To get linear dis-assembly I use wasm-objdump -d .

@juj
Copy link
Collaborator

juj commented Sep 26, 2023

Hmm, for me it doesn't fail with -O1 or higher.

@juj
Copy link
Collaborator

juj commented Sep 26, 2023

The first code ends up doing a memory write to memory address -4 with offset +65544. I wonder if that is something that the access bounds validator doesn't like, and it immediately rejects the base address -4 as invalid, without realizing the offset would push it above into a valid memory area?

@sbc100
Copy link
Collaborator

sbc100 commented Sep 27, 2023

Hmm, for me it doesn't fail with -O1 or higher.

You compile test.c with -O0 and then link it with -O2.. that fails:

$ emcc --minify=0 -O2 test.o && node ./a.out.js
/usr/local/google/home/sbc/dev/wasm/emscripten/a.out.js:64
   throw ex;
   ^
RuntimeError: memory access out of bounds
    at wasm://wasm/d2db571a:wasm-function[1]:0xd4
    at Module._main (/usr/local/google/home/sbc/dev/wasm/emscripten/a.out.js:475:90)
    at callMain (/usr/local/google/home/sbc/dev/wasm/emscripten/a.out.js:497:13)
    at doRun (/usr/local/google/home/sbc/dev/wasm/emscripten/a.out.js:521:21)
    at run (/usr/local/google/home/sbc/dev/wasm/emscripten/a.out.js:533:3)
    at runCaller (/usr/local/google/home/sbc/dev/wasm/emscripten/a.out.js:488:18)
    at removeRunDependency (/usr/local/google/home/sbc/dev/wasm/emscripten/a.out.js:235:4)
    at receiveInstance (/usr/local/google/home/sbc/dev/wasm/emscripten/a.out.js:334:3)
    at receiveInstantiationResult (/usr/local/google/home/sbc/dev/wasm/emscripten/a.out.js:339:3)

@juj
Copy link
Collaborator

juj commented Sep 27, 2023

At least that's my takeaway from the crash..

Screen Shot 2023-09-27 at 2 59 33 AM

@sbc100
Copy link
Collaborator

sbc100 commented Sep 27, 2023

(note that I'm linking test.o .. compiled with -O0)

@sbc100
Copy link
Collaborator

sbc100 commented Sep 27, 2023

The first code ends up doing a memory write to memory address -4 with offset +65544. I wonder if that is something that the access bounds validator doesn't like, and it immediately rejects the base address -4 as invalid, without realizing the offset would push it above into a valid memory area?

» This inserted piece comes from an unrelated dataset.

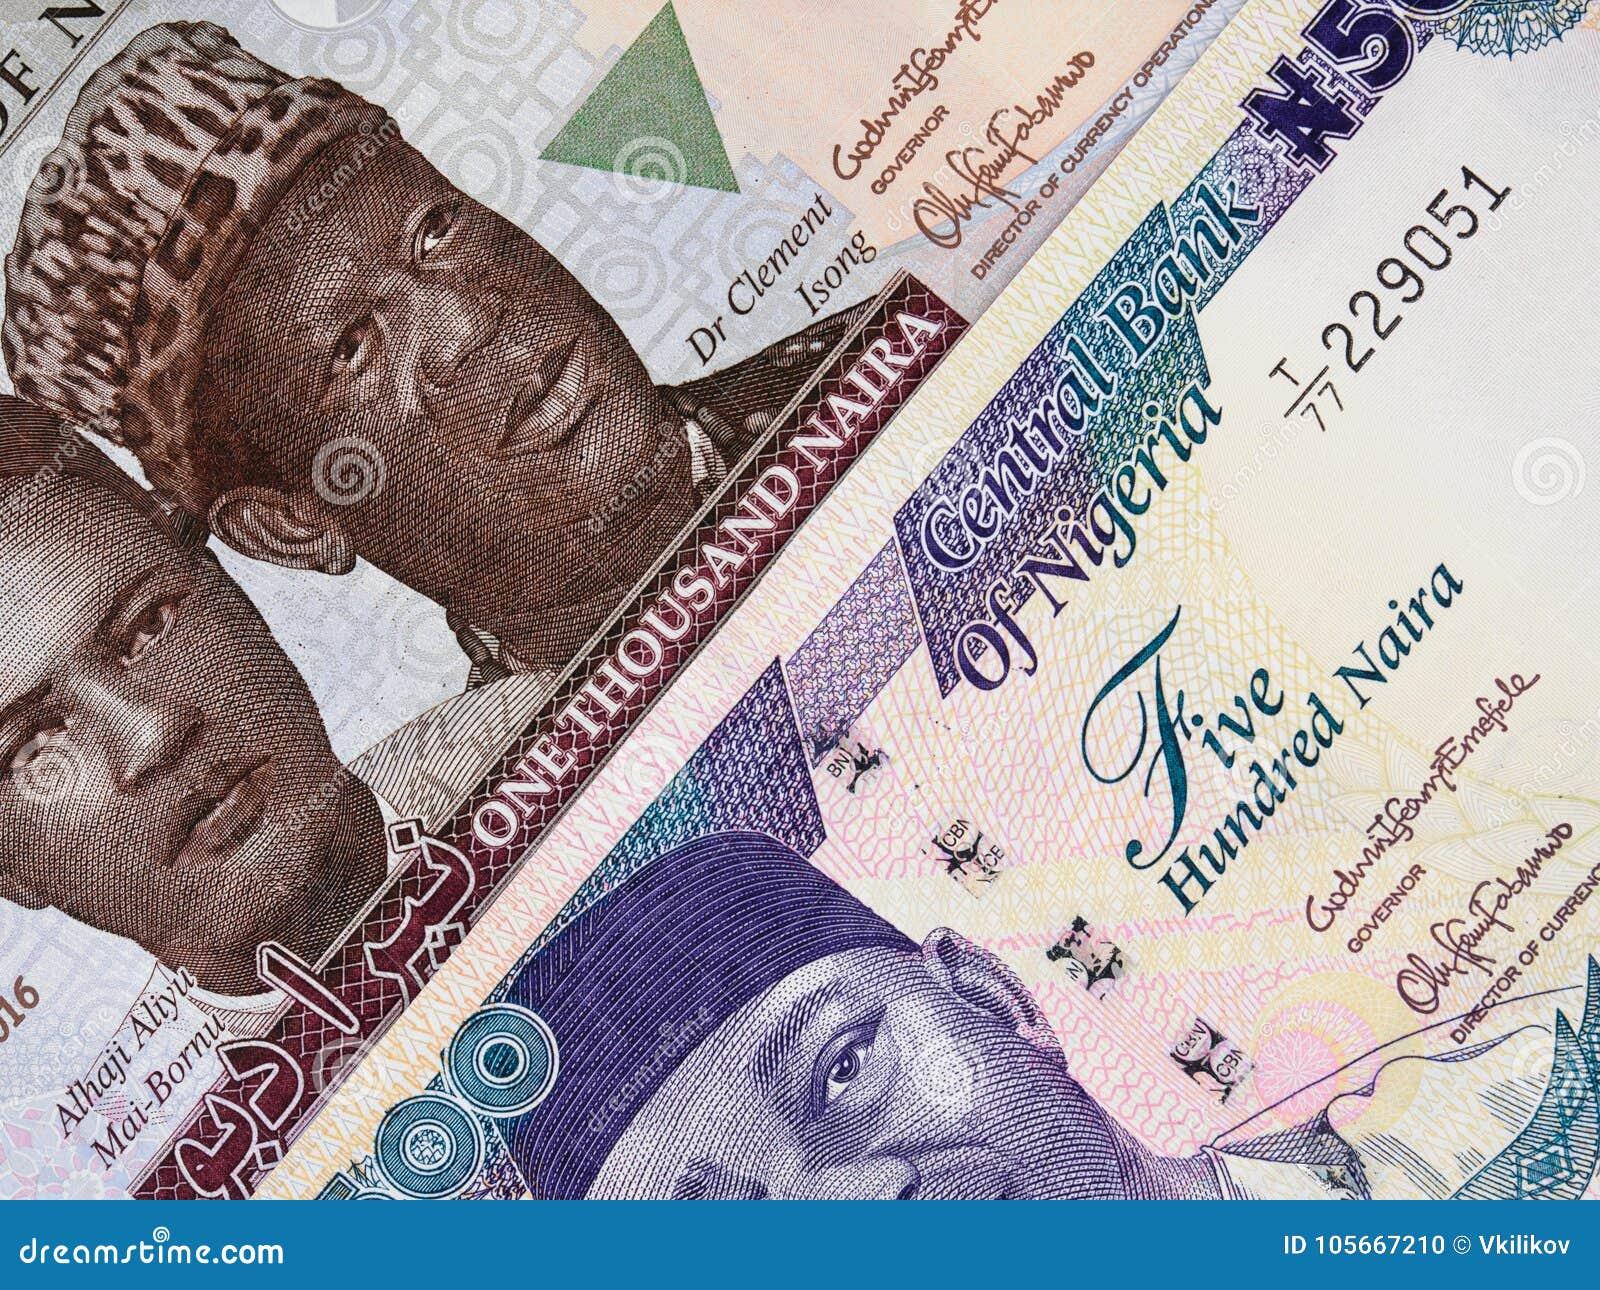 Cédulas centrais do naira nigeriano da moeda, dinheiro de Nigéria
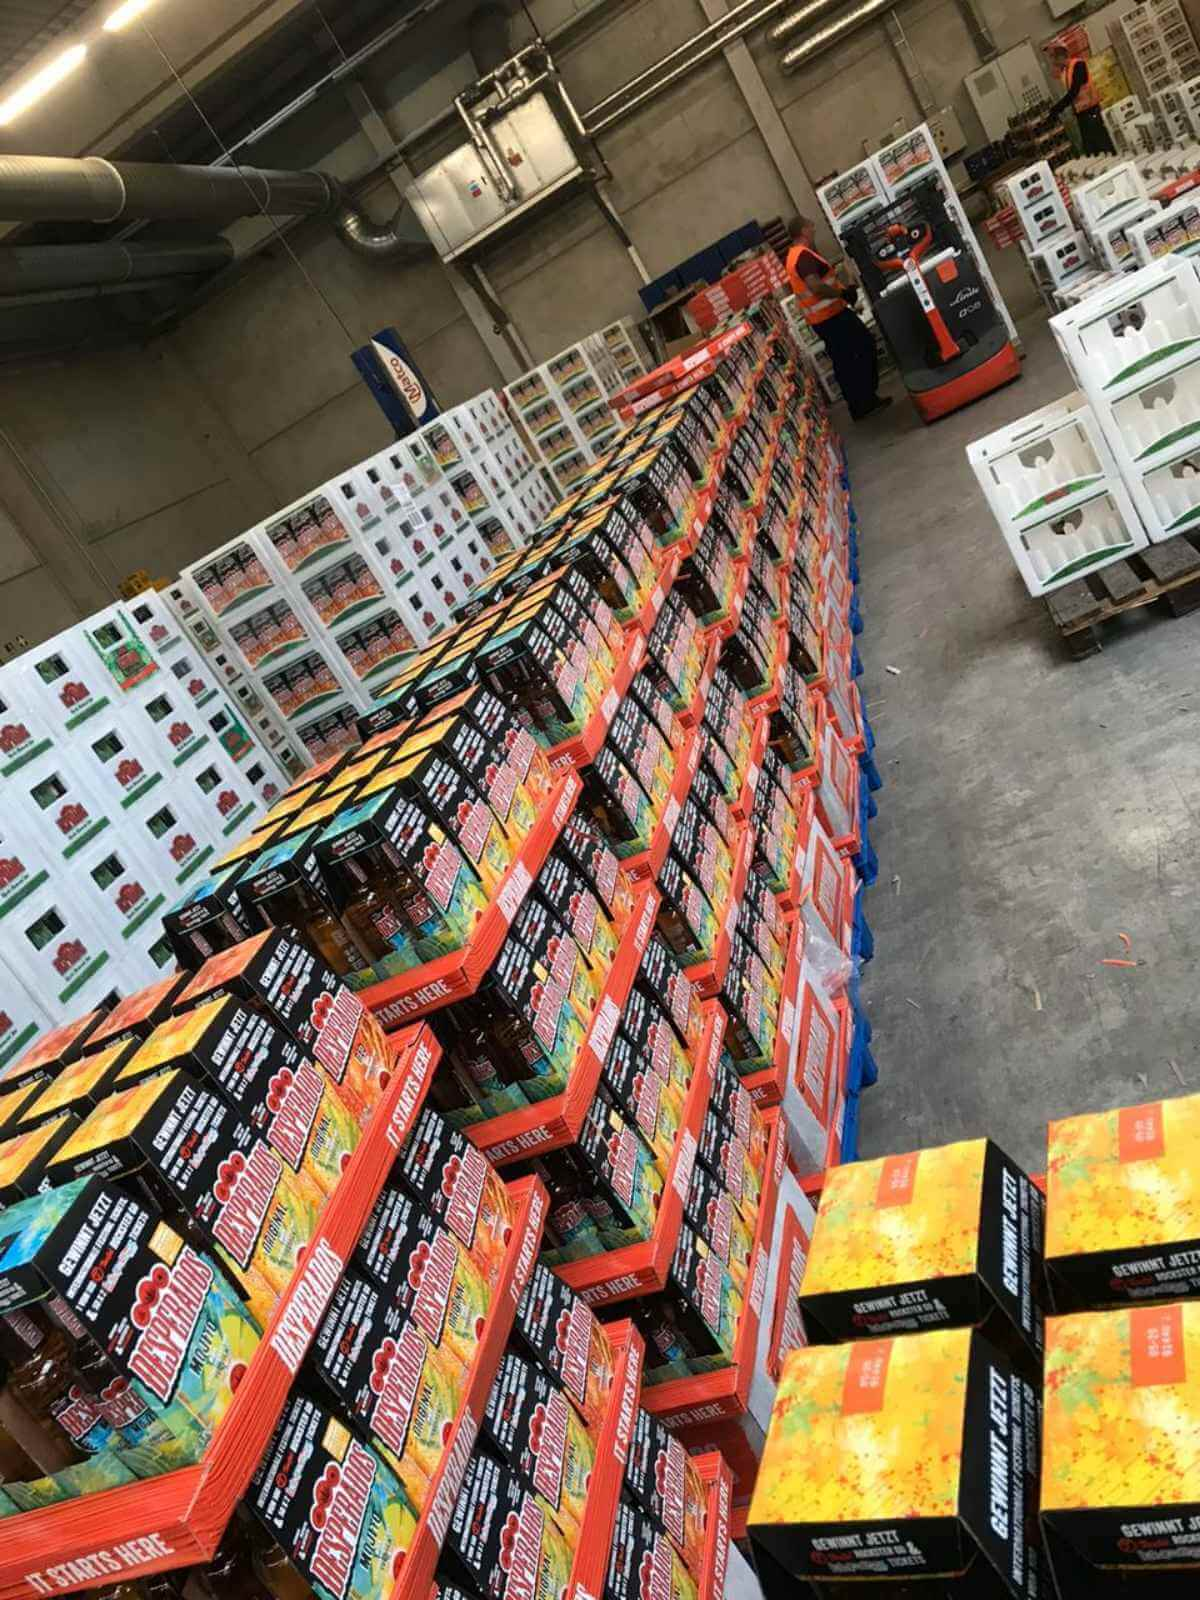 условия работы на складе пива в германии от виза маркет 2 фото

I think the problem is that memory address -4 part. It looks like the engines always interpret both the address and the offset immediate as unsigned.. I wasn't aware of that but it looks like what is happening.

@juj
Copy link
Collaborator

juj commented Sep 27, 2023

The failure does occur equally in

  • Safari Version 14.0 (15610.1.28.1.9, 15610)
  • Firefox 117.0.1 (64-bit)
  • Chrome Version 119.0.6032.0 (Official Build) canary (x86_64)
  • Node.js v18.18.0

(tested on macOS Catalina 10.15.7 (19H2))

So the behavior is either specced to work like that, or every VM got it wrong (seems unlikely).

I think the problem is that memory address -4 part.

Yeah, the following code does give out of bounds:

int main() { ((char*)-1)[13] = 1; }

whereas

int main() { ((char*)0)[12] = 1; }

doesn't raise an out of bounds error.

Disassembly for the failing case being

 (func $__original_main (result i32)
  (local $0 i32)
  (local $1 i32)
  (local $2 i32)
  (local.set $0 (i32.const -1) )
  (local.set $1 (i32.const 1) )
  (i32.store8 offset=13 (local.get $0) (local.get $1) ) // RuntimeError: memory access out of bounds
  (local.set $2 (i32.const 0) )
  (return (local.get $2) )
 )

It looks like the engines always interpret both the address and the offset immediate as unsigned..

Wouldn't that need a combination of i32->u32->u64 32-bit->64-bit widening to happen?

i.e. even if address was interpreted as u32, 0xFFFFFFFF, then adding 13 to it would still produce 12 as result? Only if it was interpreted as u32, then internally extended to u64 for the offset calculation (to generate 0x10000000C) would that be a problem?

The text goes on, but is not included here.